1731 In alten Akten geblättert - Der Zug der Salzburger Emigranten 

In den Jahren 1731 bis 1733 und noch darüber hinaus bewegte ein Ereignis die Menschen nicht nur in unserer Region so intensiv, dass es Einzug in die Kirchenbücher und Gerichtsakten hielt: Der Zug der Salzburger Emigranten durch Deutschland bis nach Preußen, wo die Glaubensflüchtlinge mit offenen Toren auf Weisung des Preußenkönigs Friedrich Wilhelm (Soldatenkönig) empfangen wurden. In einer durch die Pest entvölkerten Gegend waren sie als Neusiedler mehr als willkommen! 

Was war geschehen? Im erzkatholischen Salzburger Land lebte eine kleine Minderheit von Protestanten. Diese waren schon immer ein Dorn im Auge des damaligen Salzburger Erzbischofs. Sein im Oktober 1731 verkündetes Emigrationspatent widersprach dem Westfälischen Frieden von 1648, vor allem jedoch der Art und Weise der Ausweisung von Andersgläubigen. So wurde statt der festgelegten drei Jahren Besitzlosen nur acht Tage Abzugsfrist gewährt. Andere Regierungen, sogar der katholische Kaiser, wandten sich gegen diese Festlegungen und erreichten Zeitaufschub. Das war der Zeitpunkt, an dem der Preußenkönig die Aufnahme der Salzburger Protestanten in Ostpreußen verkündete. 

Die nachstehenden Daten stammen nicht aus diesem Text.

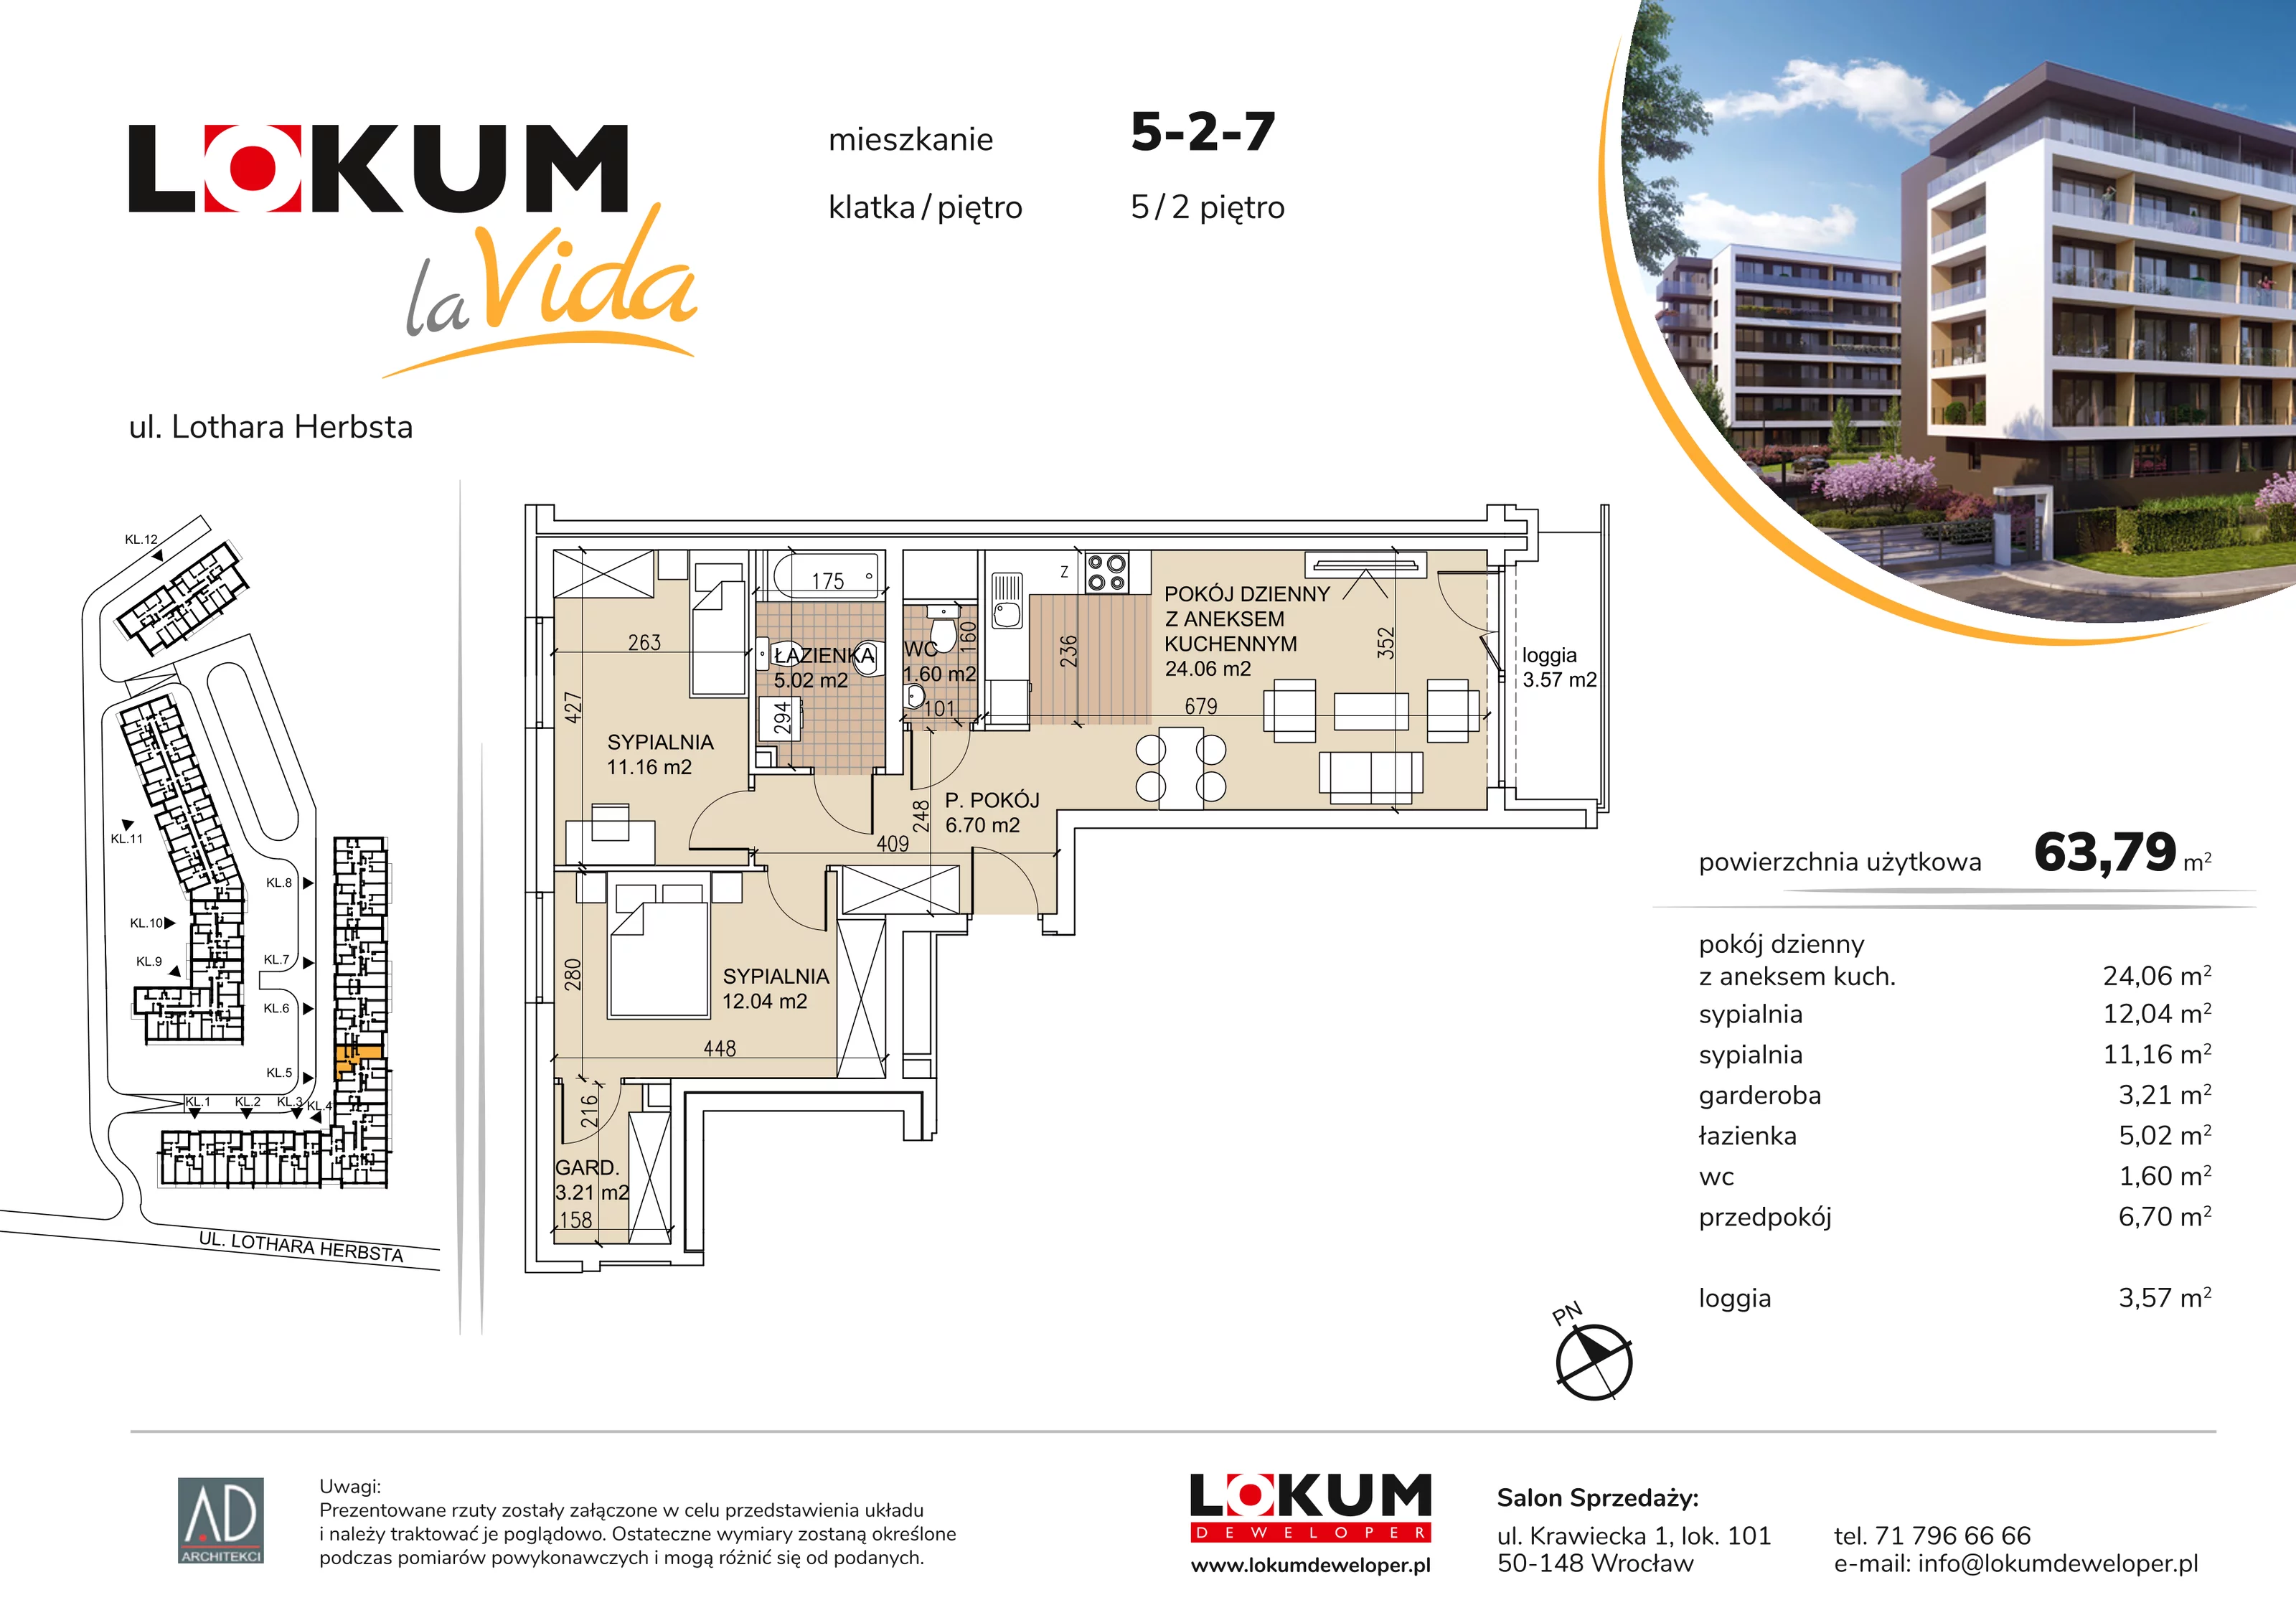 Mieszkanie 63,79 m², piętro 2, oferta nr 5-2-7, Lokum la Vida, Wrocław, Sołtysowice, ul. Lothara Herbsta

Im Frühjahr 1732 brachen diese dann auf. Vom April 1732 an verließ ein Wanderzug nach dem anderen das Salzburger Land. Im Spätsommer 1732 waren es bereits über 20.000 Menschen. Die Marschzüge wurden von preußischen Kommissaren organisiert und führten die Emigranten auf verschiedenen Wegen durch das südliche und mittlere Deutschland zunächst meist nach Berlin. Von dort ging es entweder weiter zum Schiffstransport ab Stettin über die Ostsee oder mit Pferd und Wagen nach Königsberg und weiter in das nordöstliche Ostpreußen. Dieser Zug von Glaubensflüchtlingen erregte die Menschen in den Gegenden, durch die diese zogen. 

Und nun kommt Mihla ins Spiel. 


Die „Gerichtslinde“ auf dem Mihlaer Propel sah 1732 nicht nur die Hinrichtung des Mörders Wräge, sondern auch den Gottesdienst, den der Mihlaer Pfarrer dort für die Salzburger Glaubensflüchtlinge abhielt. 

Sowohl in den Akten des von Harstallschen Gerichts als auch im Mihlaer Kirchenbuch wird über diese Begegnung mit den Salzburgern berichtet. So schreibt der Mihlaer Pfarrer Malsch, dass die Glaubenstreue der Salzburger einen tiefen Eindruck hinterließ. Weiter berichtete er, dass der zweite Zug der Flüchtlinge mit 930 Personen und 95 Wagen (!) am 22. August, von Meiningen kommend Eisenach erreichte und am Tag danach über Stregda weiter nach Mihla zog. Dort wurde auf dem Propel Rast gemacht und die Salzburger erhielten einen Willkommenstrunk. Der Pfarrer hielt einen Gottesdienst unter der Linde ab. Nach einer Abschieds- und Trostrede läuteten die Kirchenglocken, bis der Zug Mihla verlassen hatte. 

Die Salzburger marschierten über Kammerforst, Langula und Dorla weiter nach Mühlhausen. Abschließend bemerkte Pfarrer Malsch, der noch bis 1736 seinen Dienst in Mihla versah, die Erinnerung an diesen Zug von Menschen, die ihre Heimat verloren hatten, aber trotzdem treu zu ihrem Glauben standen, blieb für lange Zeit im Gedächtnis der Mihlaer.